Selection Efficiency across Environments in Improvement of Barley Yield for Moderately Low Nitrogen Environments
Bibliographic record
Abstract
Developing barley (Hordeum vulgare L) cultivars suitable for low‐N conditions is important for sustainable production. In breeding for low‐N environments, it must be decided whether a separate breeding program is necessary for this environment or if it can be performed as part of a multienvironmental testing and selection strategy. The objective of this study was to determine the efficiency of indirect selection based on performance under the traditional multiple high N environments versus direct selection under the low‐N conditions. Twelve experiments, each consisting of 18 to 25 barley genotypes, were conducted in five to eight environments including a low‐N environment in Alberta, Canada, from 2001 to 2006. The low‐N conditions used in this study simulated reduced N application as would be used to produce malting barley in western Canada, so the level of N‐stress imposed would be considered moderate.
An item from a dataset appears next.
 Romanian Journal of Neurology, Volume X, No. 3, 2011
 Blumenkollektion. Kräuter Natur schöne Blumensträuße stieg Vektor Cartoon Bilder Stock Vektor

Genetic correlations between mean grain yield across multiple high N environments and the yield in the low‐N trial was positive and high, ranging from 0.83 to 1.00. The predicted correlated response in grain yield under low N to selection based on mean yields across multiple high‐N environments relative to the predicted response to direct selection in the low‐N environment ranged from 0.81 to 1.18. This implies that breeding for low‐N conditions relevant to malting barley cultivation in western Canada and similar circumstances can be performed as part of the selection strategy for broad adaptation.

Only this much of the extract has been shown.